第239話 女商人は、置き去りにしたことを責められる
「忘れてた?忘れてたってどういうことよ!それが友達にする仕打ちなの!」
ここは、ポトスのブラス商会本店内にあるアリアの執務室。年が明けて、もうすぐ2月になろうかという頃に、二人は突然やってきた。一人は大人しく成り行きを見守っているエラルド。そして、今声を上げているのは……
「ごめんね、スメーツ。いやね、色々急展開になりすぎて……ホント、ごめんなさい」
そうやってアリアが謝る先に立つのは、髪を伸ばしているのか、以前と比べて随分と女性らしくなったスメーツだった。彼女は言う。あのクーデターが鎮圧された後、帝都が封鎖されて、マルツェルに戻ることもできず、不安の中で過ごすことになったと。

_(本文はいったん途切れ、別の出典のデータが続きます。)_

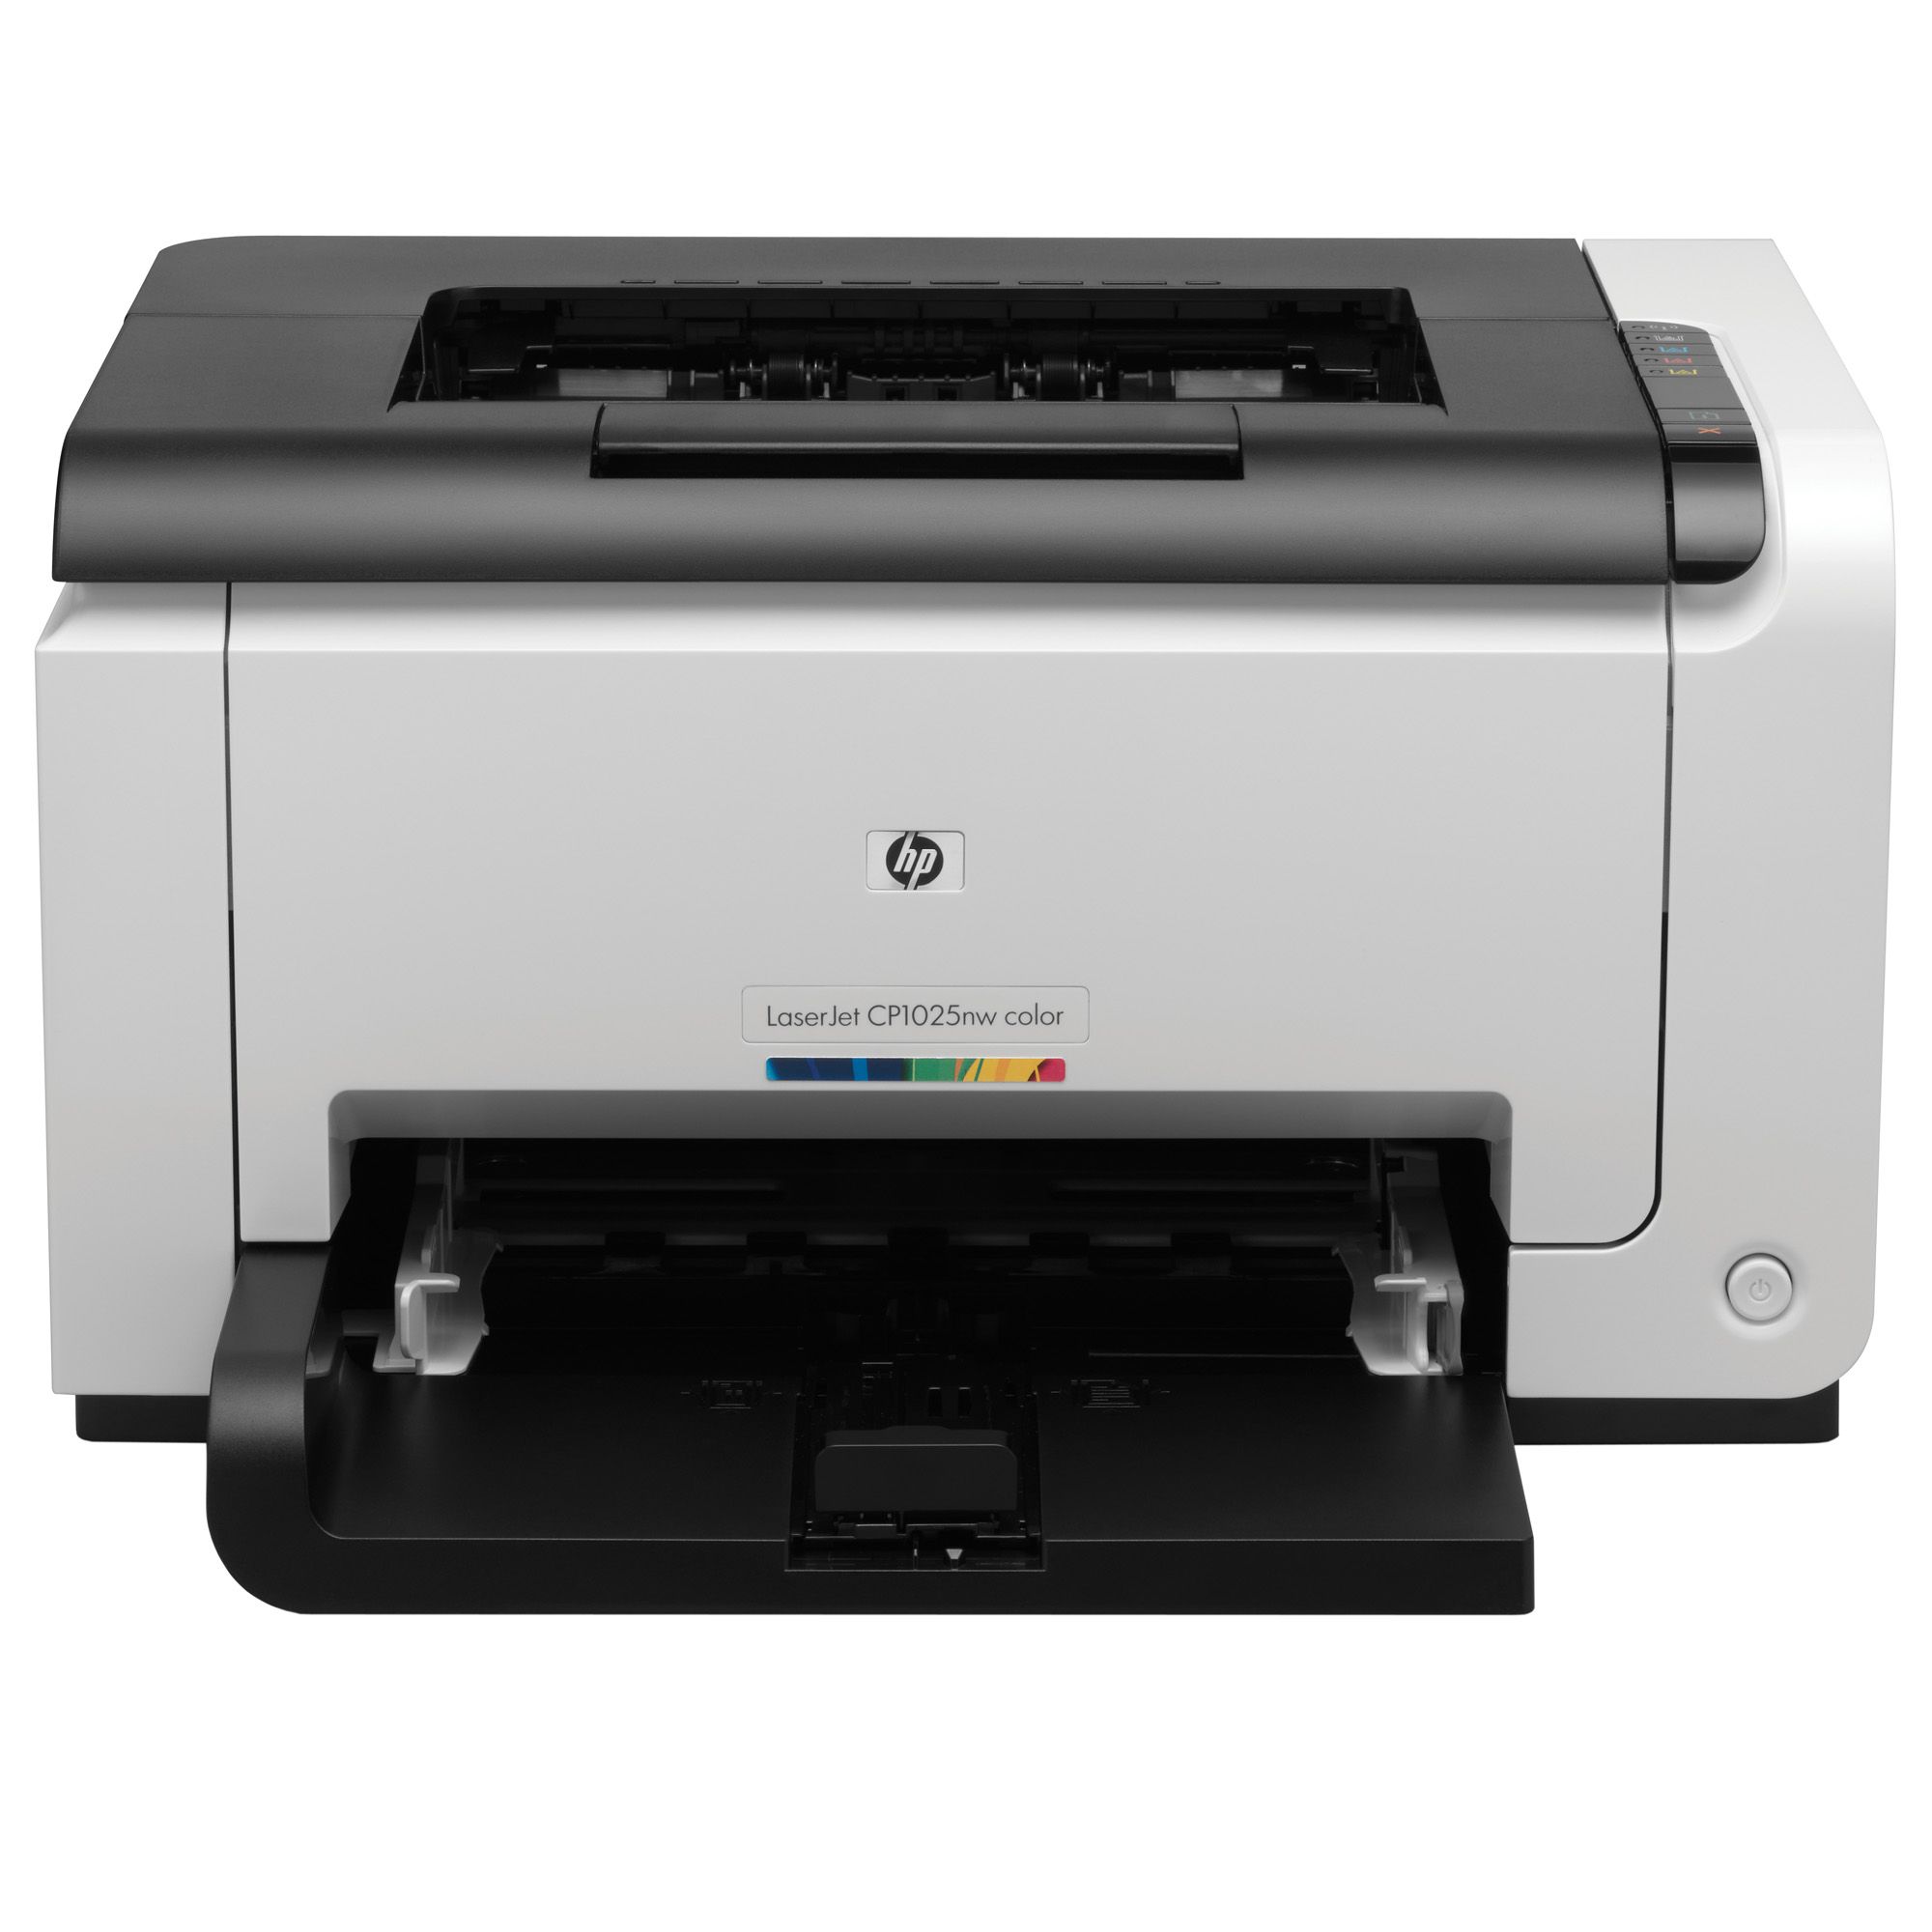  Imprimanta HP Color LaserJet Pro CP1025nw, A4

「大体、あなたは学生の時から、いつもいつも目の前の事ばかり追っかけて……」
「スメーツさん、もうその辺にしましょう。アリアさんは、こんな忘れん坊さんでも、高貴なお方なのですから」
さもなくば、勇者のように首を刎ねられますよと、彼女の隣に座るエラルドは冗談めかしく言った。しかし、その彼も笑ってはいるが、目は笑ってはいない。アリアはそのことに気がつき、お詫びとして向こう1年間、炎石の価格を1割引きにすることを申し出た。
「まあ……それなら悪くはありませんね」
エラルドはようやくいつもの穏やかな表情に戻り、アリアの謝罪を受け入れた。すると、不思議なことにスメーツもさっきまでの剣幕が嘘のように、怒りを鎮めた。
「あれ?」
その光景に、アリアは違和感を覚えた。彼女なら、マルツェルの領主代理として、別の要求をしてくると思っていたからだ。
「実はね……」
スメーツはアリアが戸惑っていることに気づいて、話を切り出した。この話が、今日ここに来た本当の目的だとして。
「えっ!?」
アリアは驚き二人を見た。互いに頬を染めて視線を交わすスメーツとエラルドは、2週間前に結婚して、今日、このポトスに移ってきたと言ったのだ。

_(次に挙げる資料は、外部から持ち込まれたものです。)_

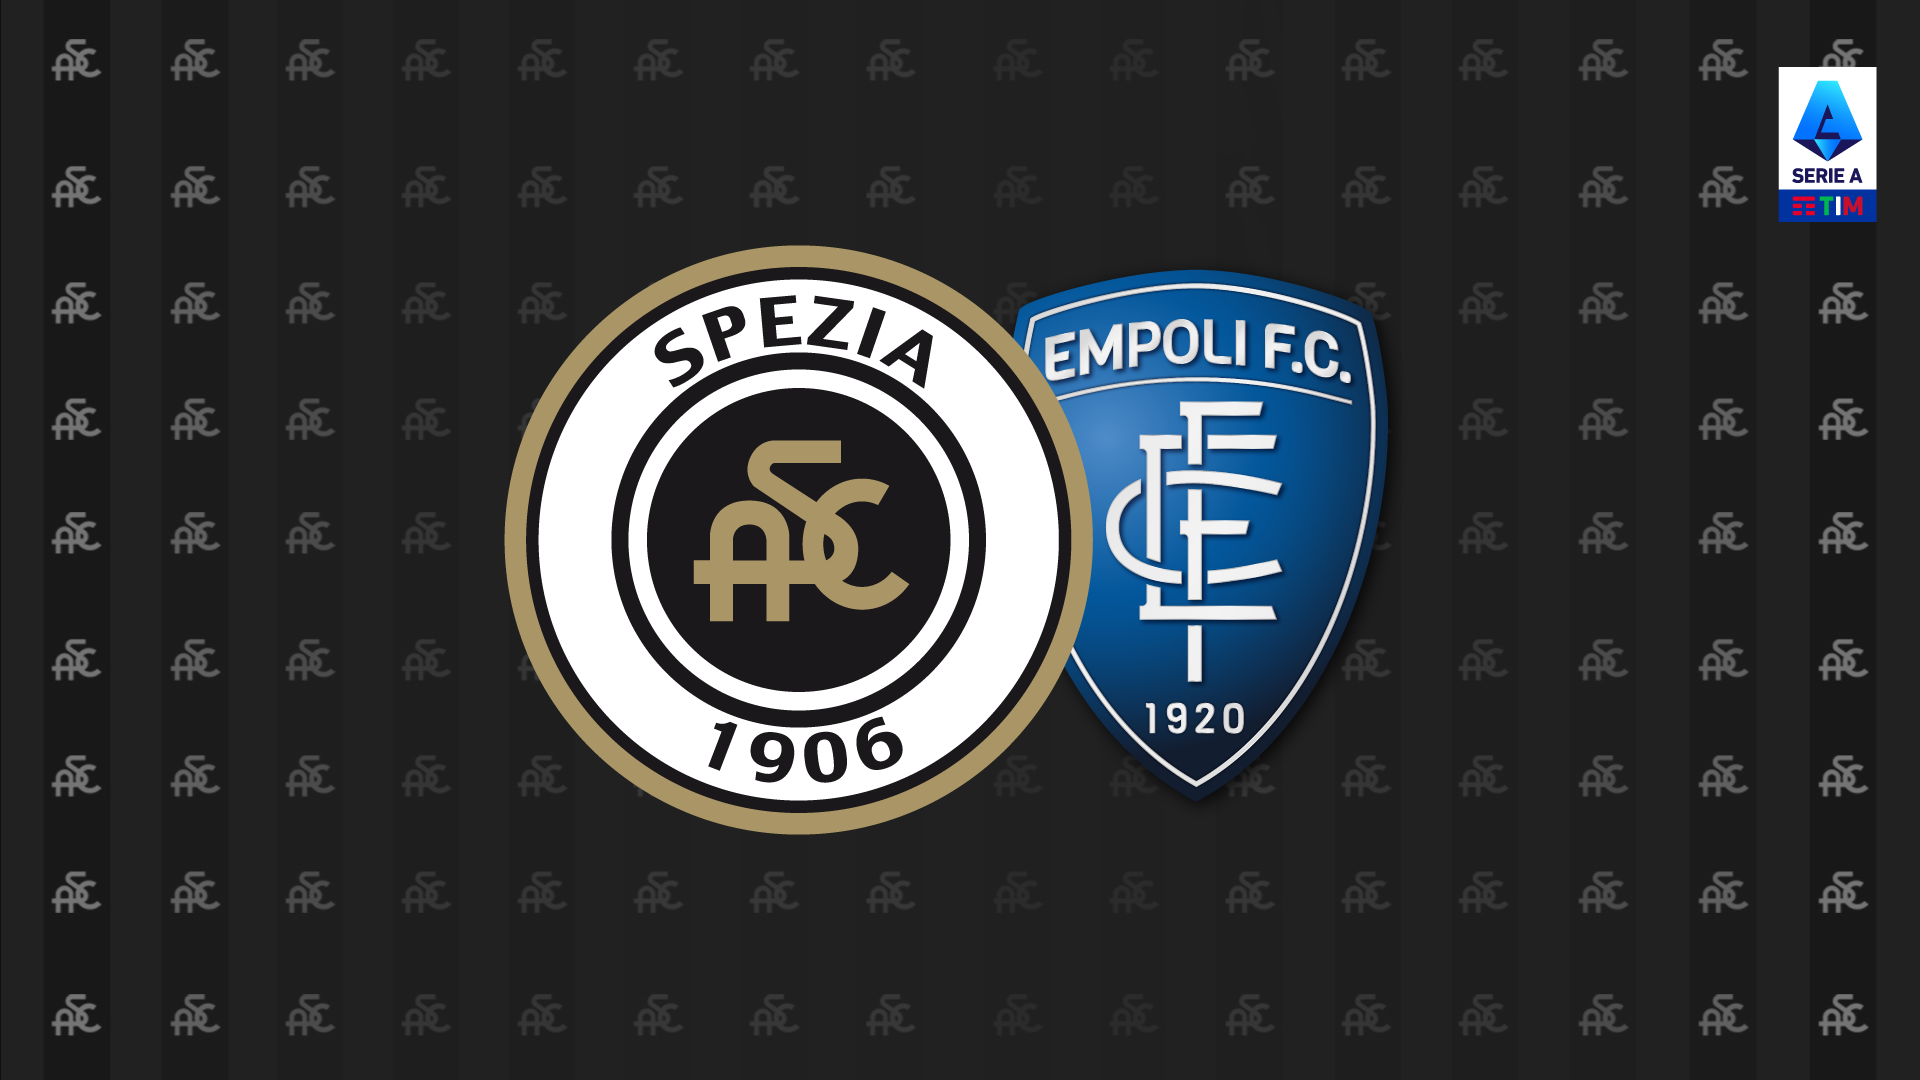 Spezia-Empoli: free sale from Wednesday 15

「い、いつの間にそんな関係に!?だって、前に会ったときは……」
「アリアさん。あれからもう2カ月近く経ってるのよ?帝国では皇帝陛下が騒動の責任を取られてご退位され、サーシャ殿下が女帝にご即位されましたし……世の中は動いてるのよ」
「いや、世の中は動いているのは知ってるけど……2か月で結婚なんて早くない!?」
自分とレオナルドは知り合ってもうすぐ2年になろうとしているのに、未だ結婚式を挙げていないのだ。アリアはそのことを思い出して、スメーツに訊ねるが……
「それは……アリアさんたちが異常に遅すぎるだけかと思いますよ」
隣に座るエラルドが呆れたように返してきた。何でも、封鎖された帝都で二人で行動を共にしているうちに、気がつけばそんな関係になったという彼は、こういうことは勢いが肝心なのだと助言する。
「……遅すぎる?いや、そんなことは……」
アリアは反射的にそう返したものの、よくよく考えれば、イザベラはボンとの間に女の子を産んだし、秘書をやっていたアンジェラも、いつの間にかマルスと付き合っていて、来週日曜日に結婚式を挙げるからと招待状が届いている。
(あれ?もしかして、本当にわたしたちがおかしいのかな?)
アリアは急に自信が持てなくなった。
「ところで……結婚するってことは、領地の仕事の方はよかったの?」
スメーツがこのポトスに移り住むというのなら、マルツェルの方は大丈夫なのだろうかと気になって、アリアは訊ねた。すると、スメーツは笑顔で事情を説明した。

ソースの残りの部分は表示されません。